He traces Conan Doyle's plans for his hero, first called Sherrinford Holmes and his friend, initially Ormond Sacker, from conception through to first appearance in Beeton's Christmas Annual for 1887.
"That lurid paper-back of Christmas 1887 is today one of the rarest books of modern times—a keystone sought by discriminating collectors in every part of the earth."
If memory serves, Starrett owned three different copies during various times of his life!
"Mr. Holmes of Baker Street"
Real Detective, December 1932, pages 50-53+
If Atlantic Monthly was the high brow outlet for Starrett’s Holmesian explorations, Real Detective was the opposite: a pulp magazine that specialized in racy covers, raucous revelations of sex and drugs, and an almost inexhaustible supply of exclamation marks. (“14 Hours in Hell!” and “Riot and Terror in a Flaming Prison!” are just a few from the cover of the December issue).
The magazine had gone through several name changes and editorial transformations over the years. Originally an outlet for fictional mystery and detective stories, Real Detective had become by the early 1930s a scandal sheet, with the occasional fictional tale still mixed in.
“Mr. Holmes of Baker Street,” was an odd bit to include here and feels sedate and quaint bumping shoulders with “The Scandals of Hollywood,” and “I Am a ‘Slave’: The Tragic Confession of a Girl who ‘Went Wrong.' ” Starrett's article however would become one of the most beloved of those in Private Life, bringing together his nostalgic affection for the late Victorian era and the research of Dr.

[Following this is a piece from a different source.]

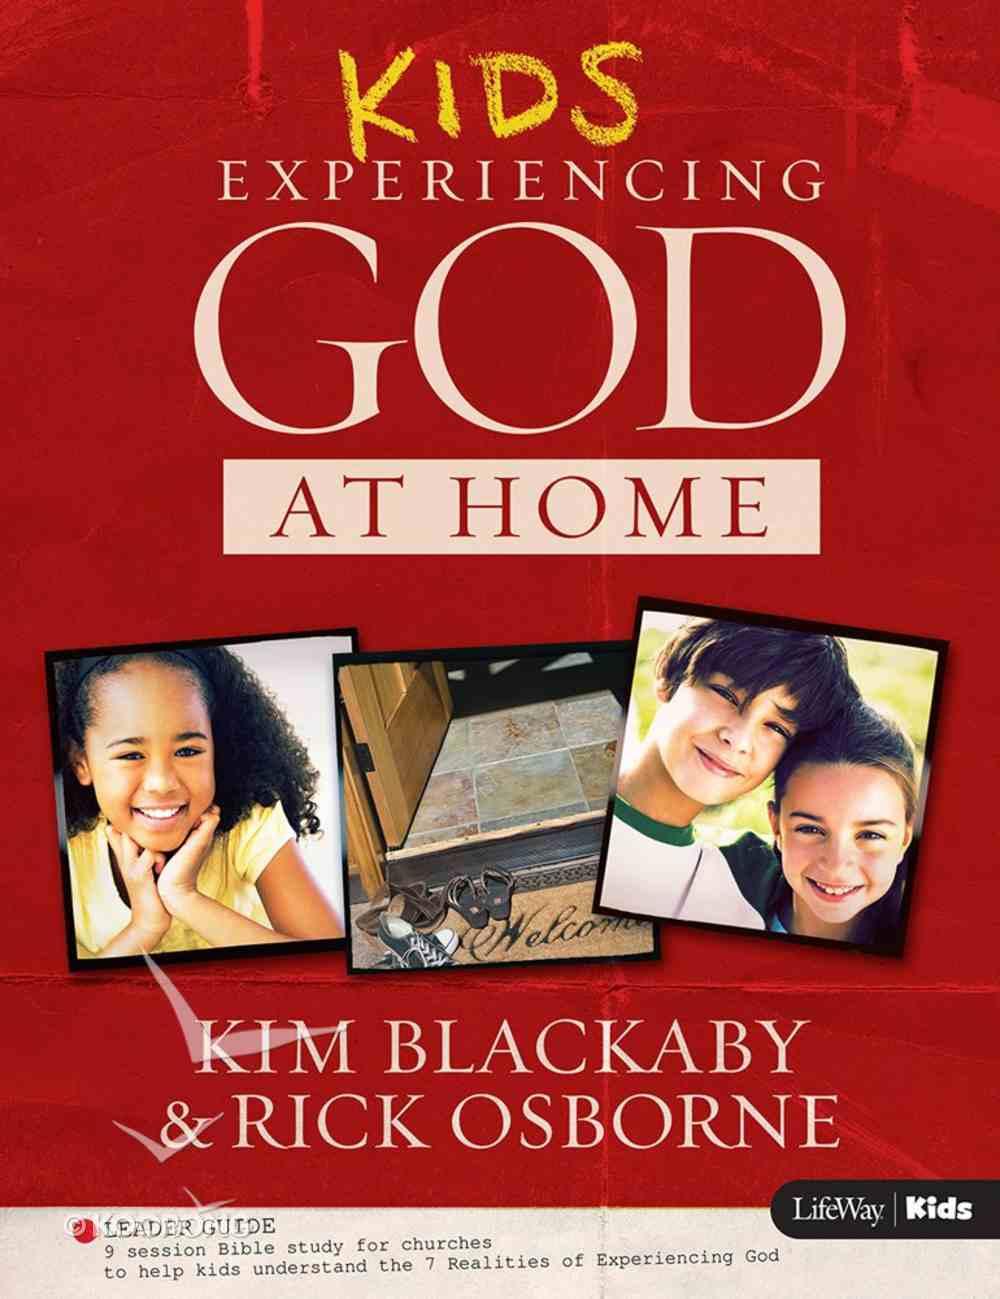 Kids Leader Guide (Kids Experiencing God At Home Series) Paperback
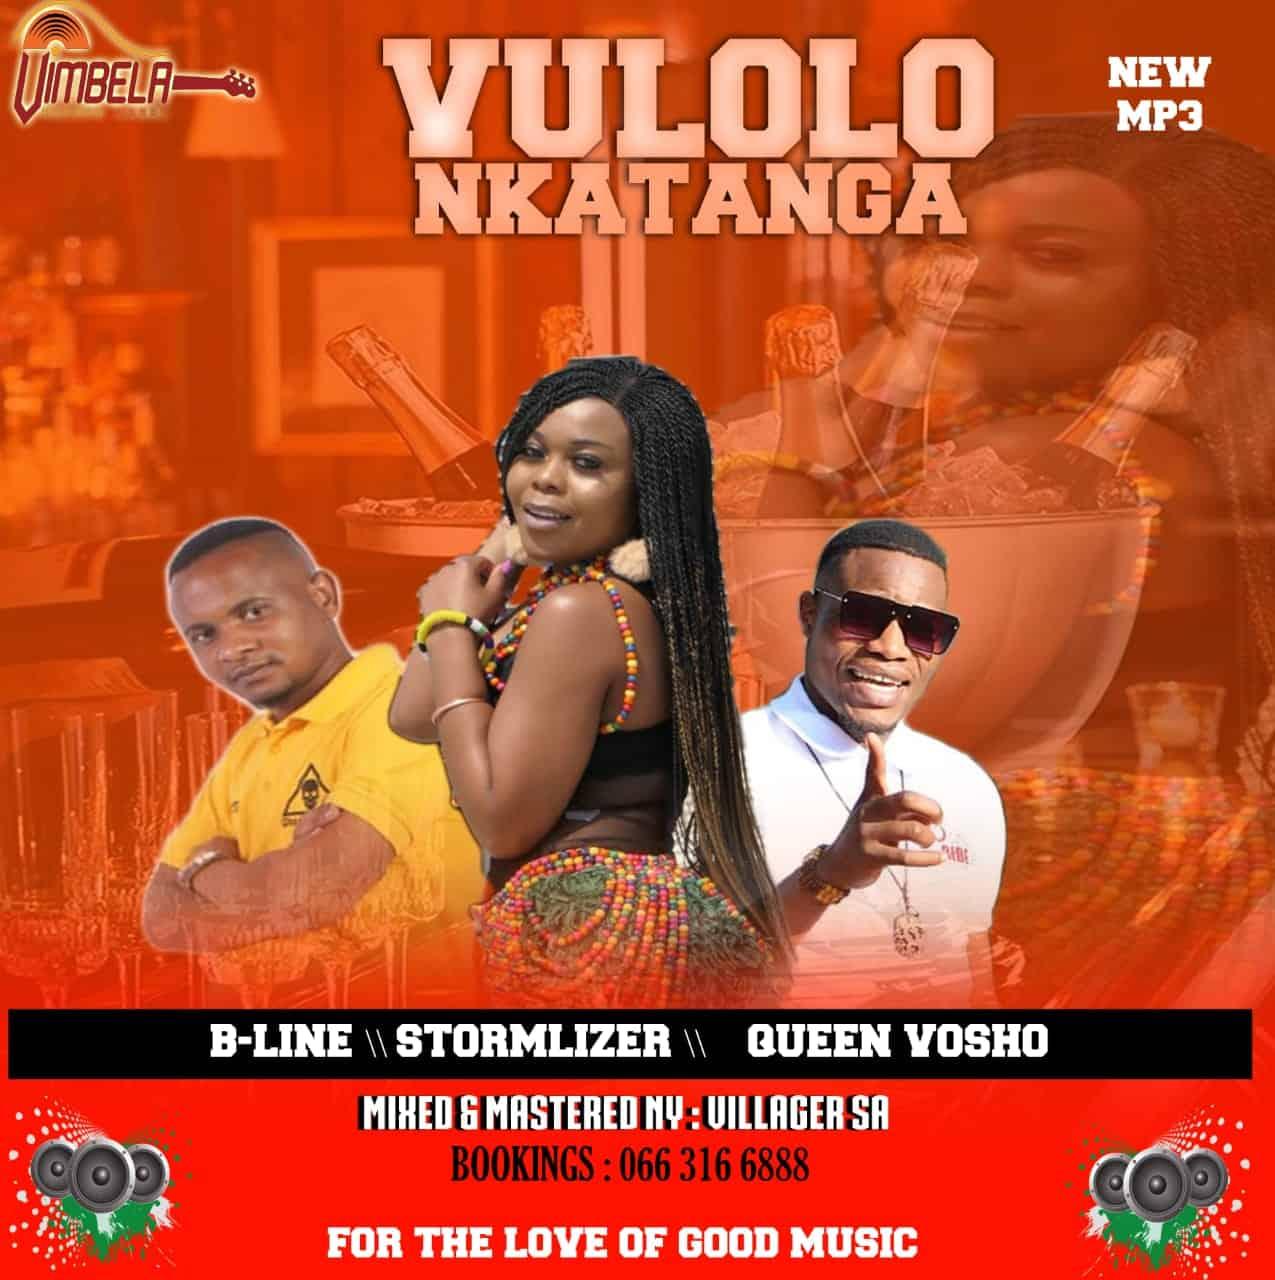 Mr B Line - Vulolo Nkatanga Ft Queen Vosho & Stormlyzer

Gray Chandler Briggs, a fellow Holmes enthusiast.
"Thus, then, one sees the rooms in Baker Street, and somewhere on the premises a dressing gown. … And Watson, too, is there within the rooms, as much a fixture as the detective himself. That solid, English figure …must be forever the second figure in the immemorial tableau…"
"Thus they lived — and the old building is there, says Dr. Briggs, to prove it. Sherlock Holmes and Baker Street!"
You can find out more about Starrett and Real Detective in this article published in the Autumn 2007 issue of The Baker Street Journal.
And you can see more of the great covers from Real Detective here.
“The Real Sherlock Holmes”
The Golden Book, December 1930, pages 81-84; Reader’s Digest, January 1931, pages 823-827.
We talked about this article’s appearance in The Golden Book last time. So let’s say a few words about Reader’s Digest.
“The Real Sherlock Holmes” was the first time Starrett’s work appeared in this stalwart magazine of the 20th century, a favorite of doctor office waiting rooms and grandma’s purses.
Founded in 1922, Reader's Digest offered abbreviated versions of articles found in other magazines. Wholesome and conservative, the magazine had an impressive circulation of 300,000 by the time Starrett’s piece was published in 1931. Reader’s Digest was staple-bound in those days, with the table of contents on its cover. The digest size made it easy to slip into a commuter’s suitcoat pocket.
The fact that Reader’s Digest wanted Starrett's story on Holmes’ creator was another indication that a book of articles like this would be a popular seller.
Starrett would have a second Reader’s Digest appearance 33 years later (November 1964) with a chapter from the revised edition of Private Life.
“The Private Life of Sherlock Holmes”
The Bookman, December 1932, pages 812-118.
It is wholly appropriate for the title chapter, “The Private Life of Sherlock Holmes,” to be published in The Bookman. As Les Klinger and Susan Dahlinger have chronicled in their book, Sherlock Holmes, Conan Doyle and The Bookman (published in 2010 by Gasogene Books, Indianapolis), before there was a Baker Street Journal, the friends of Sherlock Holmes found a home in The Bookman.
Although headed into its final months of publication, The Bookman had a few Sherlockian delights left to offer, and the first was the most lyrical of Starrett’s essays from Private Life. The namesake chapter is purely in “The Game,” with Starrett giving us his view of what life in Baker Street was like for the great detective and his trusted companion. The essay is a tribute to their friendship, which spanned decades and death, marriage and Moriarty.
Most memorably, it is also the essay that ends with Starrett the essayist giving way to Starrett the prose poet. He would rework these thoughts during the dark days of World War II into his famous sonnet "221B", but for now, this was his tribute to the loyal companions.
“But there can be no grave for Sherlock Holmes or Watson. … Shall they not always live in Baker Street? Are they not here this instant, as one writes? … Outside, the hansoms rattle through the rain, and Moriarty plans his latest devilry. Within, the sea-coal flames upon the hearth, and Holmes and Watson take their well-won ease. … So they still live for all that love them well: in a romantic chamber of the heart: in a nostalgic country of the mind: where it is always 1895.”
This essay gained some attention on its own. For example, Folger McKinsey, writing in the Baltimore Sun newspaper for January 5, 1933, called the essay, "One of the most delightful magazine essays that has appeared for a long time." He gushes on:
"Starrett takes us into the intimate hours of the daily life of Holmes and Dr. Watson, as the details have been gathered from a close study and note taking of the Sherlock Holmes stories, and it all goes to show what intimate characters Conan Doyle made these two creatures of his fancy, how much in his own life he must have lived with them on terms of closest intimacy, making them a sure part of the London scene."
“Sherlock Holmes: Notes for a Biography”
The Bookman, February 1933, pages 166-171.
Nearing the end of its run, The Bookman served up one more essay on Sherlock from Starrett, this one completely in line with the magazine’s traditional, if fanciful, offerings. For a magazine devoted to books and writers, Starrett offered a delightfully detailed catalogue featuring the works of Sherlock Holmes, mater detective and occasional author.
“Sherlock Holmes: Notes for a Biography”, gives the collector the best possible hints at what to look for in the dusty shelves of forgotten dealers. For example, who among us would not want to add Upon the Distinction Between the Ashes of the Various Tobaccos, or On the Surface Anatomy of the Human Ear to his shelf? After listing them all, the old bookman gives us a shove out the door and down the street:
“Look well, then, for all these rare and difficult titles, Bookmen, for your own shelves and for the records of all the future.”